Jakarta, pemudakatolik.or.id — Pemuda Katolik Komisariat Daerah (Komda) DKI Jakarta menegaskan komitmennya mendukung Arah Dasar (Ardas) Keuskupan Agung Jakarta (KAJ) 2026 tentang Keutuhan Ciptaan dengan mendorong gerakan ekologis yang disinergikan bersama kebijakan publik Pemerintah Provinsi DKI Jakarta.
Komitmen tersebut menjadi salah satu rekomendasi strategis hasil Rapat Kerja Daerah (Rakerda) Pemuda Katolik Komda DKI Jakarta yang diselenggarakan pada Sabtu, 13 Juni 2026. Melalui forum tersebut, Pemuda Katolik DKI Jakarta mendorong kadernya mengambil peran aktif dalam isu lingkungan hidup, khususnya penguatan kesadaran masyarakat terhadap pengelolaan sampah dan keberlanjutan lingkungan.
Ketua Pemuda Katolik Komda DKI Jakarta, Aloisius Anggorokresno Abiwangsa, menyampaikan bahwa terdapat ruang kolaborasi yang besar antara semangat Ardas KAJ 2026 dengan visi pembangunan Pemerintah Provinsi DKI Jakarta, terutama melalui kebijakan pemilahan sampah dari sumbernya sebagaimana tertuang dalam Instruksi Gubernur (Ingub) No 5 Tahun 2026 tentang Gerakan Pemilahan dan Pengolahan Sampah dari Sumber.

“Semangat menjaga keutuhan ciptaan yang menjadi perhatian Gereja memiliki nilai yang sejalan dengan upaya Pemerintah Provinsi DKI Jakarta dalam membangun kota yang lebih berkelanjutan. Pemuda Katolik siap menjadi bagian dari gerakan bersama ini melalui edukasi, kolaborasi, dan aksi nyata di tengah masyarakat,” ujar Anggo.
Menurutnya, komitmen tersebut akan diwujudkan melalui program-program ekologis dengan melibatkan kader Pemuda Katolik, komunitas Gereja, Orang Muda Katolik (OMK) paroki, serta berbagai pemangku kepentingan lainnya.
Selain menetapkan rekomendasi strategis organisasi, pada kesempatan yang sama Pemuda Katolik Komda DKI Jakarta juga melaksanakan Pembekalan Pengurus dengan menghadirkan Ketua Umum Pengurus Pusat Pemuda Katolik Stefanus Gusma dan Dewan Pembina Pemuda Katolik Komda DKI Jakarta Heru Krisna.
Dalam arahannya, Stefanus Gusma menekankan pentingnya penguatan kaderisasi internal sebagai fondasi utama organisasi. Menurutnya, Pemuda Katolik sebagai organisasi kader harus terus menghadirkan ruang pembinaan agar kader mampu bertumbuh dan mengambil peran di berbagai bidang.
“Kaderisasi adalah napas organisasi.
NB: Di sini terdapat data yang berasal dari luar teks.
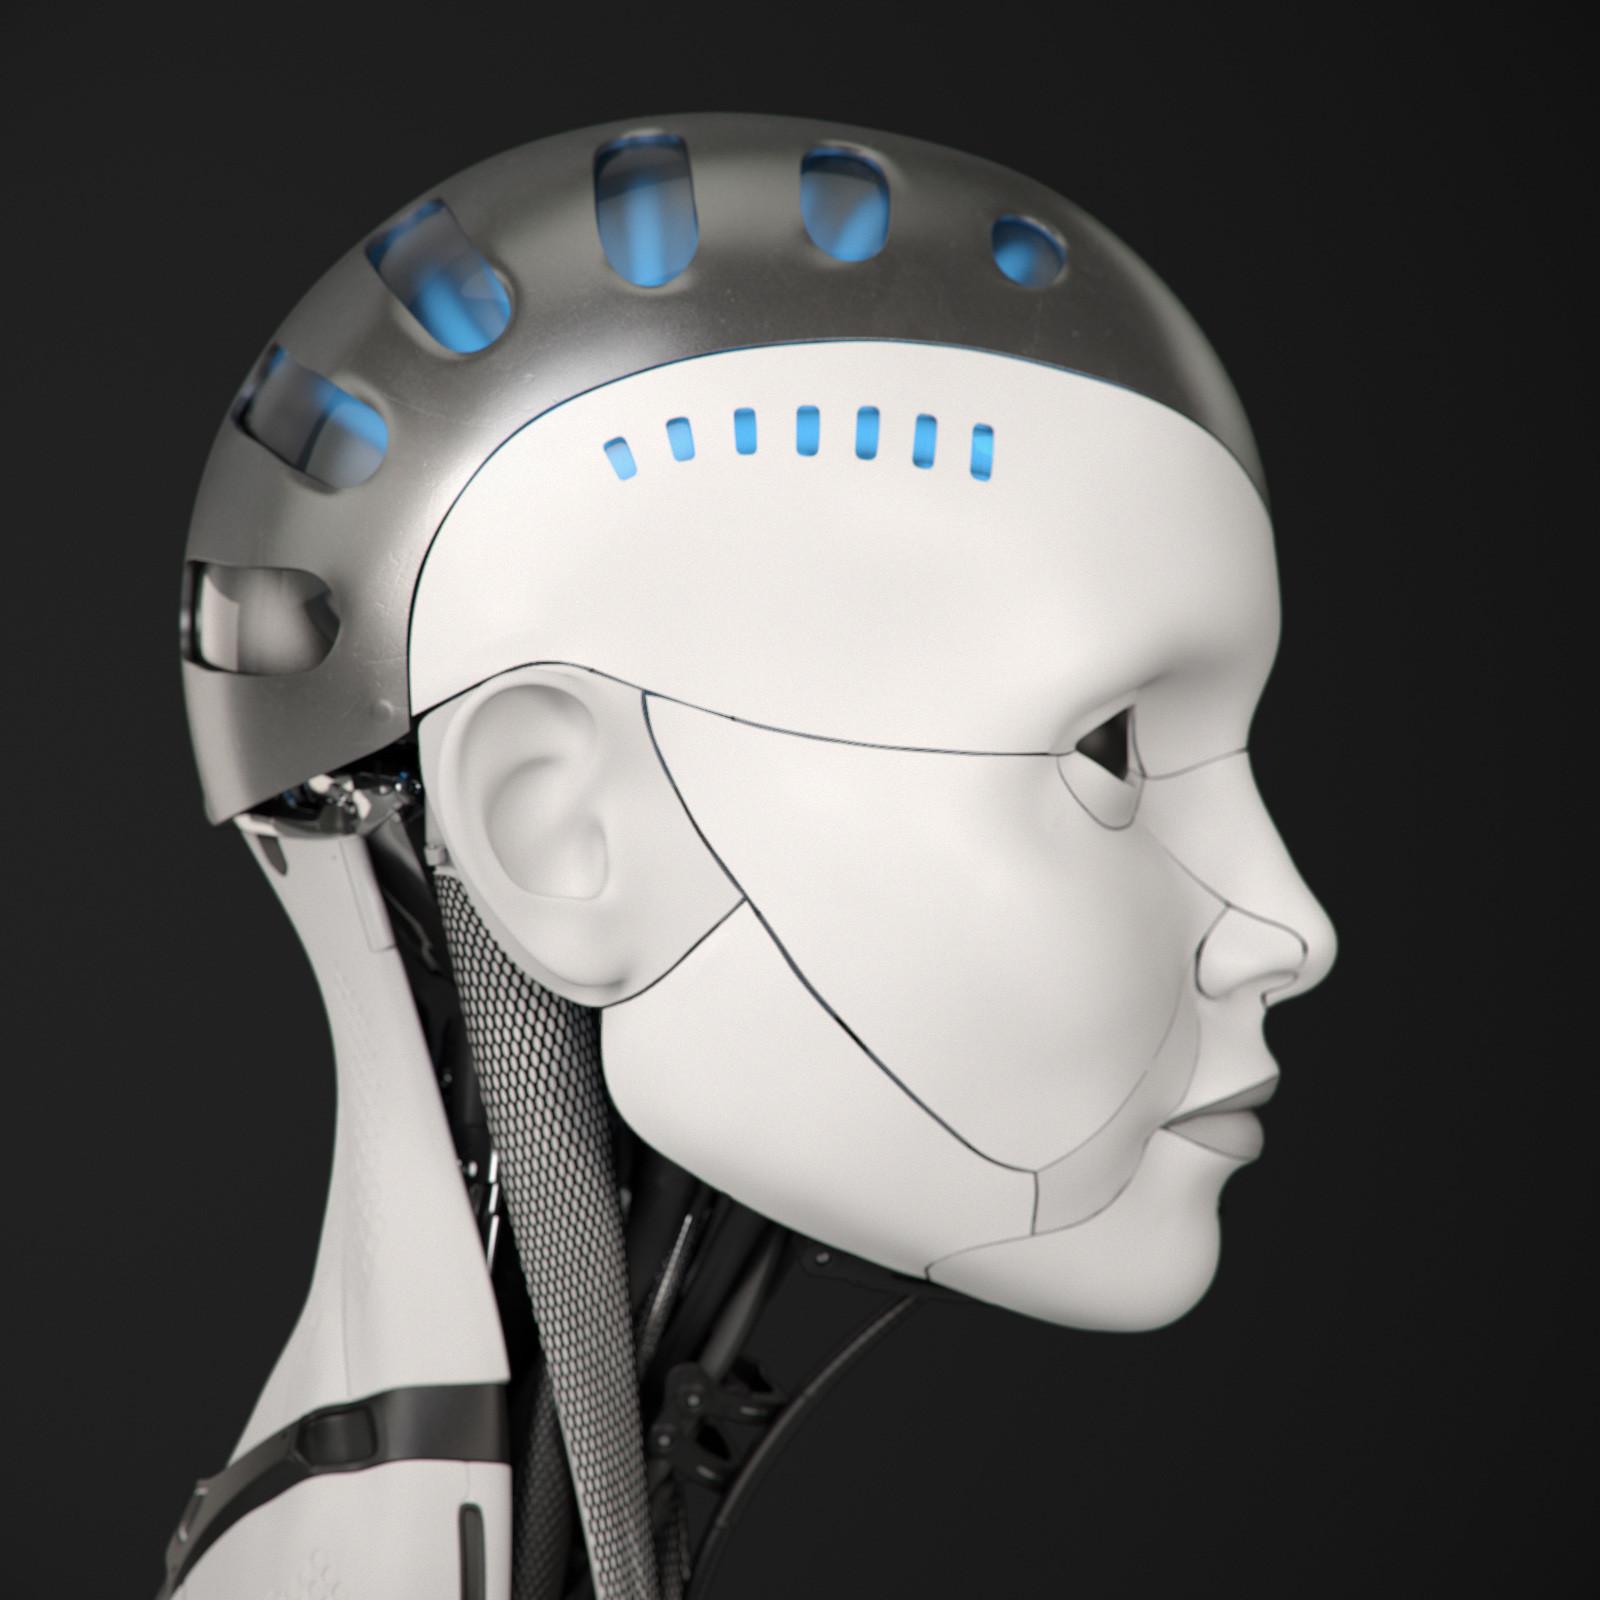 Cgmonkeyking dvc face cyborg00 pn01 pp01 side

Pemuda Katolik harus memastikan proses kaderisasi berjalan sekaligus memperkuat jejaring dan kolaborasi. Di Jakarta, kedekatan dengan OMK paroki menjadi peluang besar untuk bersama-sama menghadirkan program yang bermanfaat bagi Gereja dan masyarakat,” ujar Gusma.
Sementara itu, Heru Krisna dalam pembekalan mengenai Kepemimpinan Transformatif mengajak kader Pemuda Katolik DKI Jakarta untuk memiliki cara berpikir adaptif, inovatif, serta mampu menjadi pemimpin yang membawa perubahan positif.
Menurutnya, tantangan zaman membutuhkan kader yang tidak hanya mampu memahami persoalan, tetapi juga berani mengambil tanggung jawab untuk menghadirkan solusi melalui kerja kolaboratif.

Kegiatan Pembekalan dan Rakerda Pemuda Katolik Komda DKI Jakarta dibuka oleh Sekretaris Jenderal Pengurus Pusat Pemuda Katolik Lorensius Purba dan dihadiri oleh jajaran Pengurus Pusat, serta para Ketua Komisariat Cabang (Komcab) se-DKI Jakarta.
Rangkaian kegiatan ditutup dengan Misa Perutusan yang dipimpin oleh Pastor Moderator Pemuda Katolik Komda DKI Jakarta, Romo Gregorius Soetomo, SJ, sebagai peneguhan komitmen kader untuk terus berkarya dengan semangat Pro Ecclesia et Patria, untuk Gereja dan Tanah Air.